Horrendous Side Effects of Antipsychotic Medications.   Antipsychotic drugs all share the property of blocking dopamine receptors. They have very significant side effects. Their use has been questioned for even the conditions for which they were initially designed to treat (see below).

• Antipsychotic drugs, particularly the second generation antipsychotics such as risperidone, olanzapine, Seroquel cause weight gain that does not plateau. They induce diabetes and increase fats in the blood such that risk of heart disease is greatly increased. Children are much more sensitive to these effects (Correll & Blader, 2015)
• Antipsychotics induce breast development in boys (references in Chapter 6 of Littrell)

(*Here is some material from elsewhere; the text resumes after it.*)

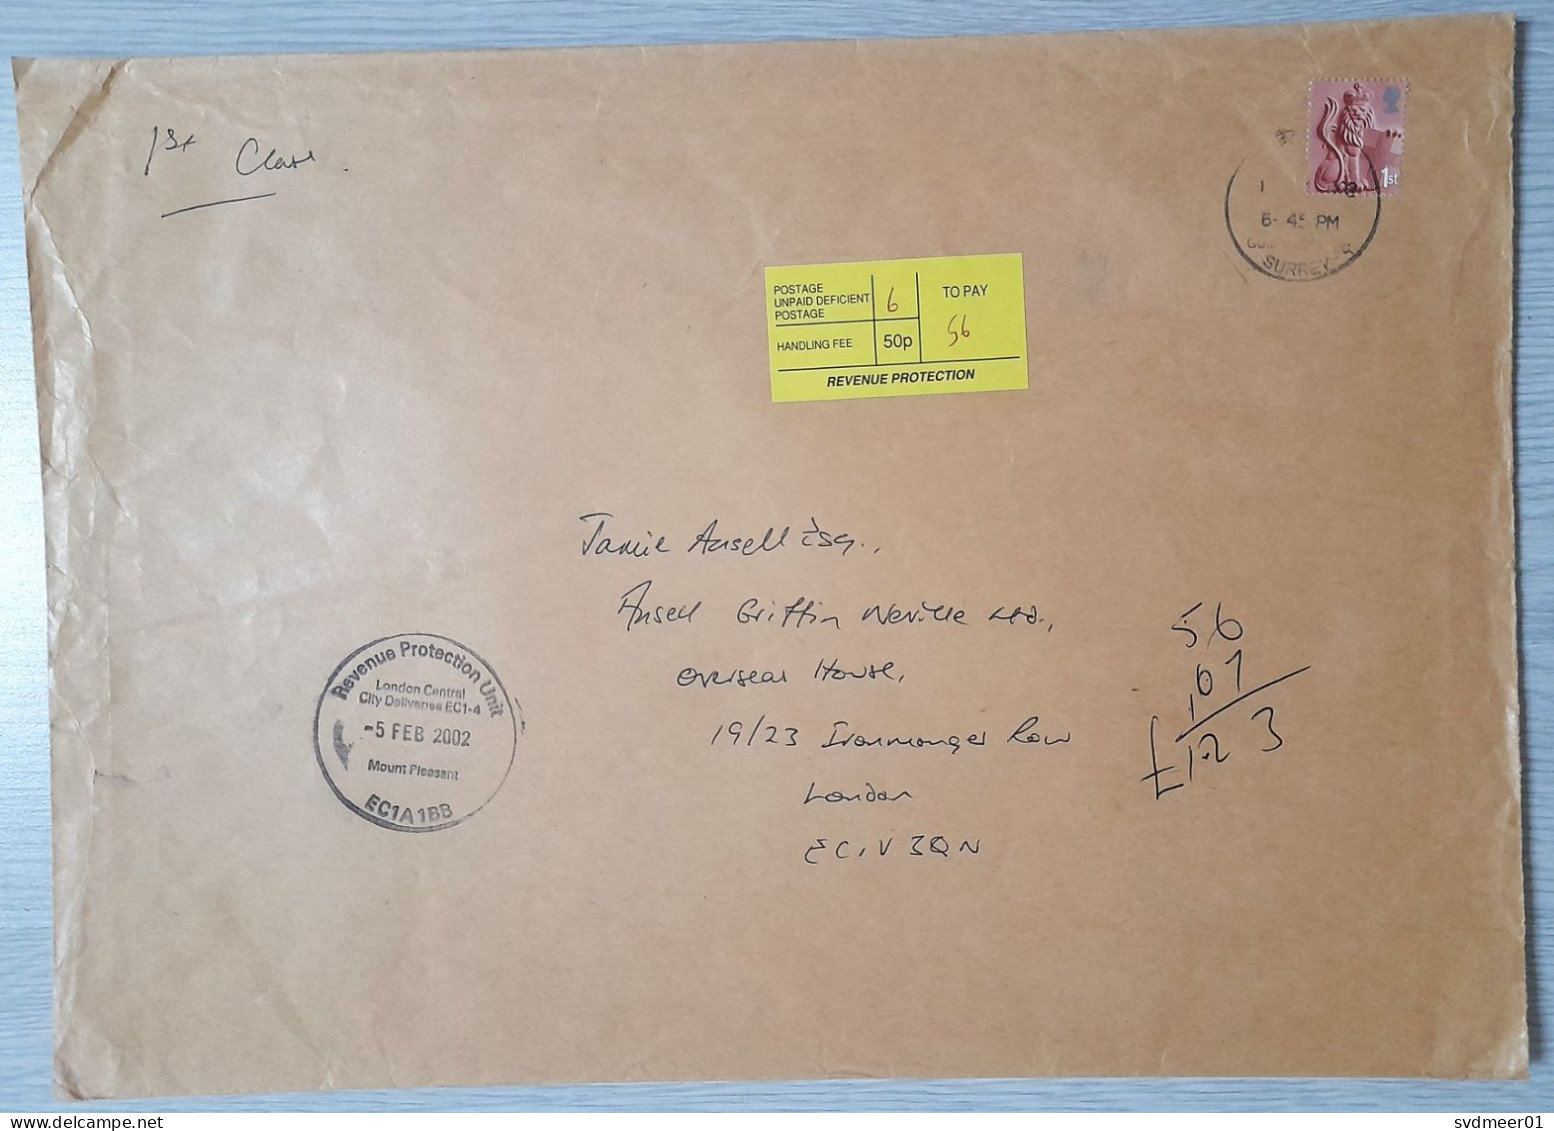 UK: Large Cover, 2002, 1 Stamp, Heraldry, Label & Cancel To Pay, Postage Due, Taxed, Revenue Protection (minor Creases) - Briefe U. Dokumente

• Antipsychotics induce hormonal changes associated with osteoporosis (decreased bone strength) (references in Chapter 6 of Littrell)

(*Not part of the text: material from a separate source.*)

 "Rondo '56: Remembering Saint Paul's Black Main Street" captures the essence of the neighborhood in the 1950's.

• Some second generation antipsychotics induce cardiac arrhythmias that are associated with risk of sudden death (references in Chapter 6 of Littrell)
• Antipsychotics induce the expression of more dopamine receptors to which dopamine will bind more avidly such that after removal rebound psychosis might ensue (Grace, 2012; Seeman et al., 2005)

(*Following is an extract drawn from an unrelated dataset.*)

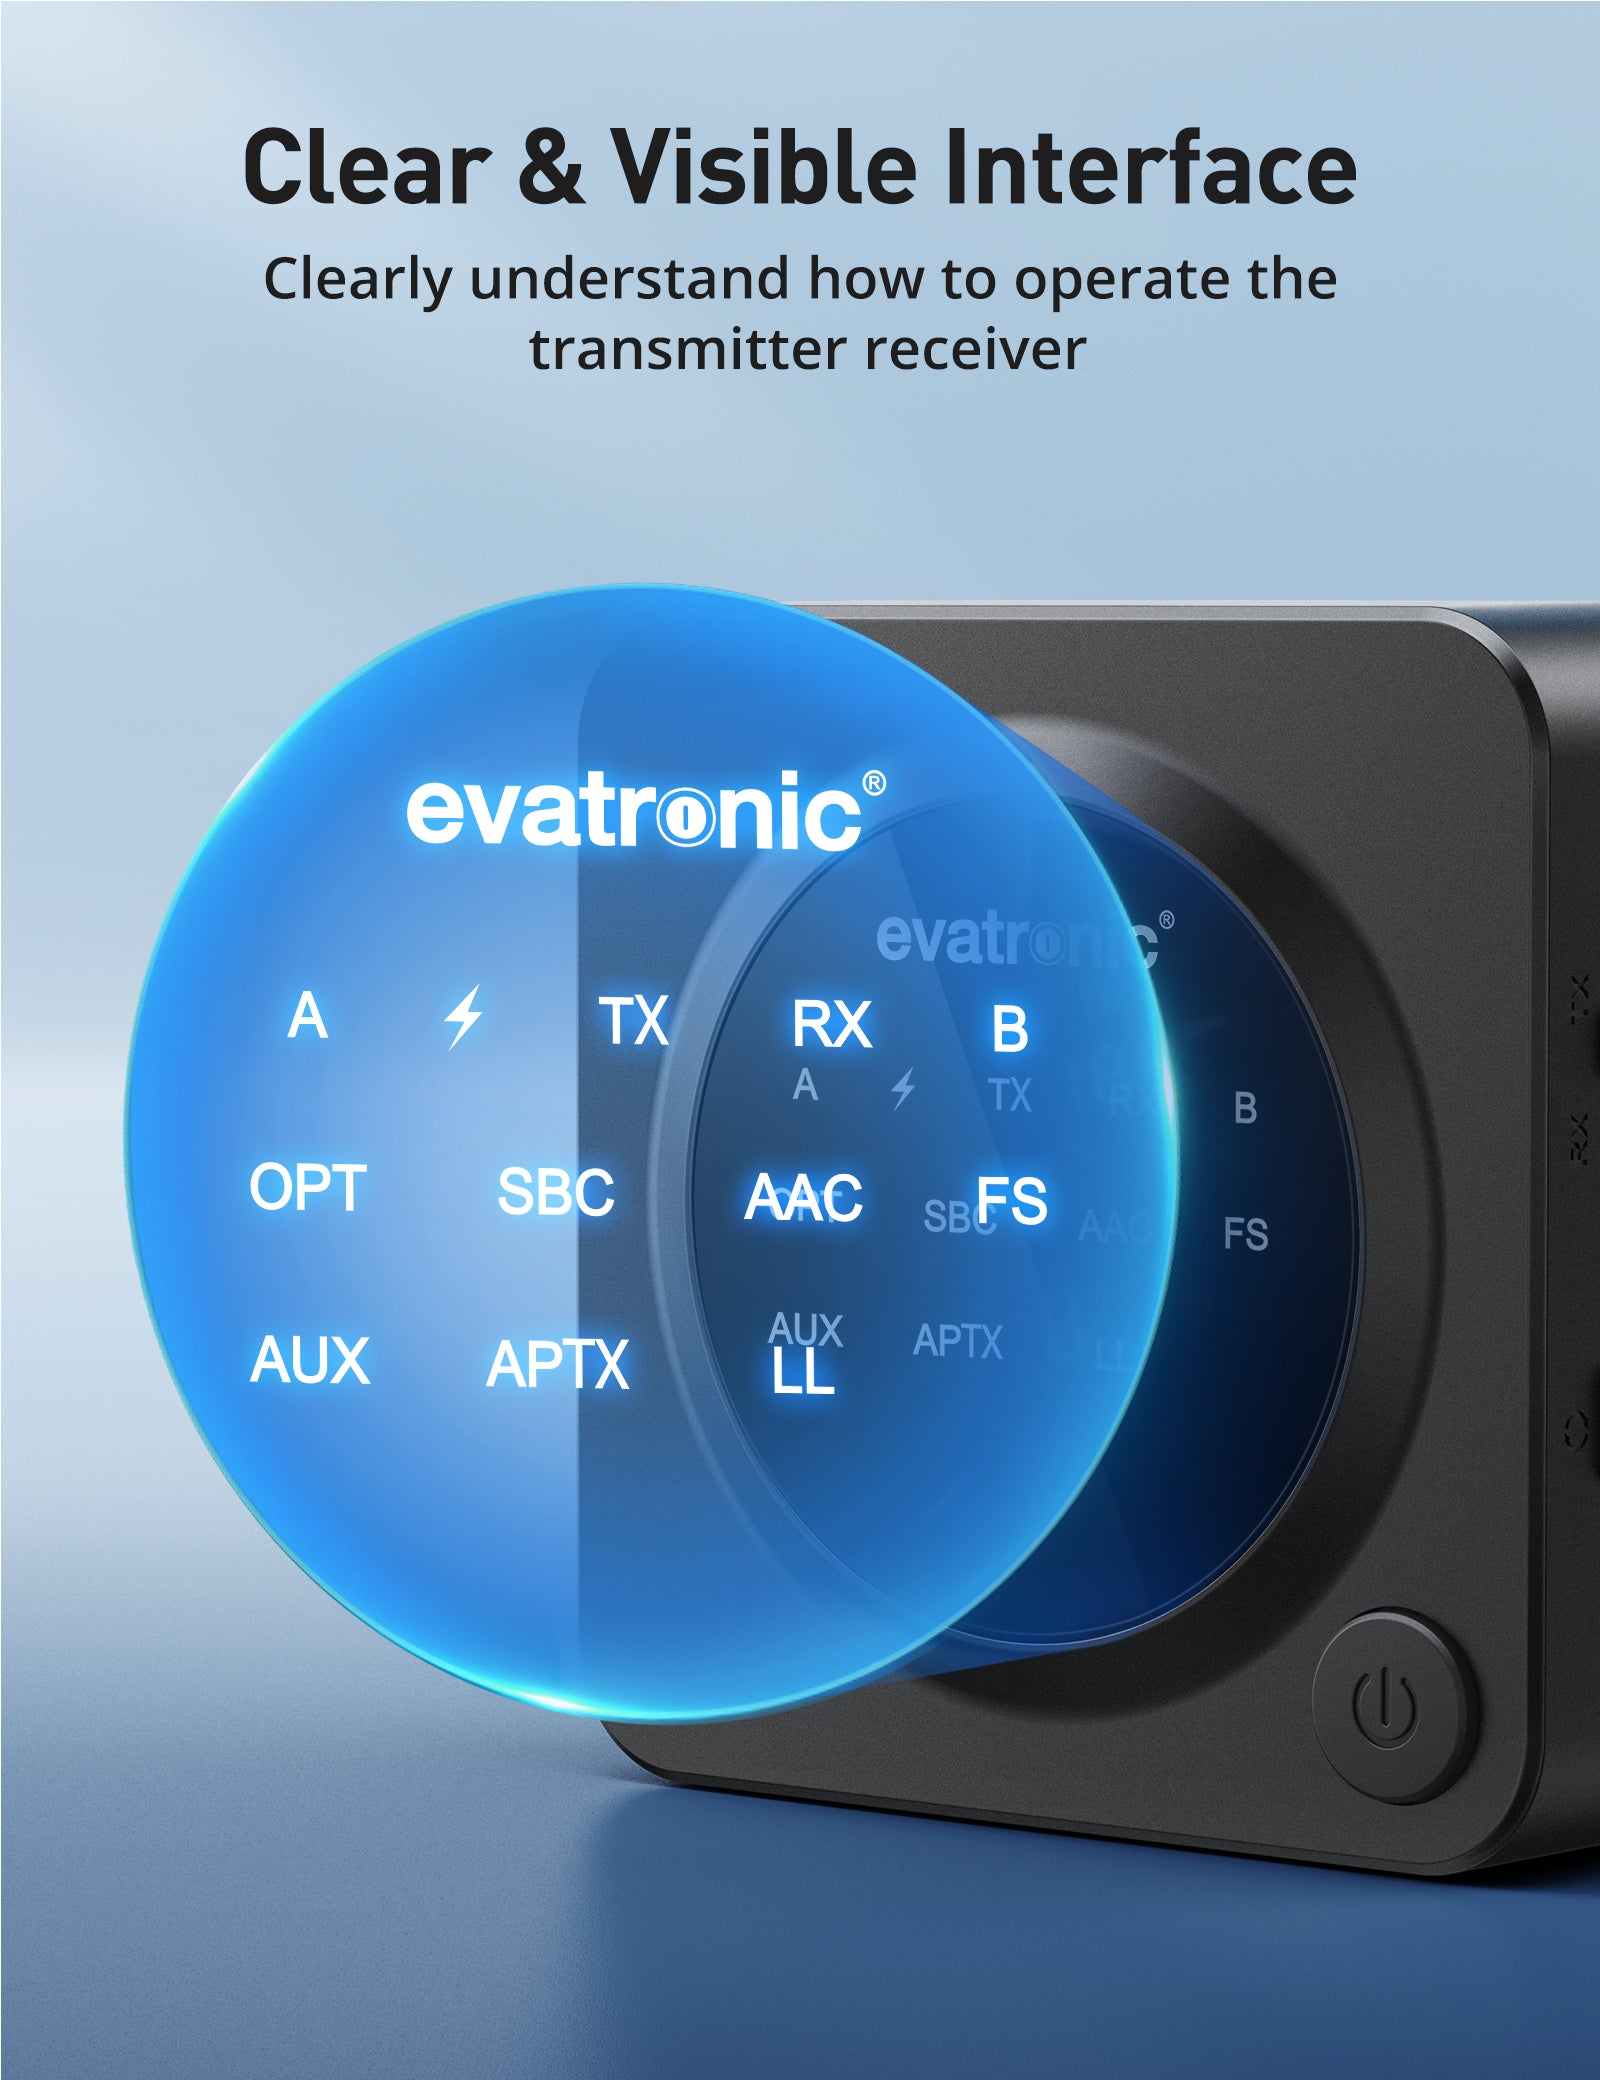 Evatronic BA007 Bluetooth 5.0 Transmitter Receiver for TV/PC

• Antipsychotics induce dystonia or involuntary movement disorders which can make walking and locomotion almost impossible; dystonia occurs immediately upon antipsychotic initiation in about 15.7% of persons (Ballerini, Bellin, Niccolai, Pieroni, Ferrara, 2002); antipsychotics also can induce a second type of motor problem which is similar to the motor problems seen in those with Parkinson’s disease, although second generation antipsychotics are less likely to induce these effects (See Chapter 6 in Littrell, 2015)
• Antipsychotics have been shown in primates to reduce the volume of the brain by significant amounts (Dorph-Petersen et al., 2005; Konopaske et al., 2007). Brain volume reduction has also been shown in people as well (Fusar-Poli et al., 2013; Ho, Andreasen, Ziebell, Pierson, & Magnotta, 2011). In terms of mechanism through which antipsychotics might reduce brain volume, recent research suggests that these drugs induce activation of white blood cells in the cortex (Cotel et al., 2015).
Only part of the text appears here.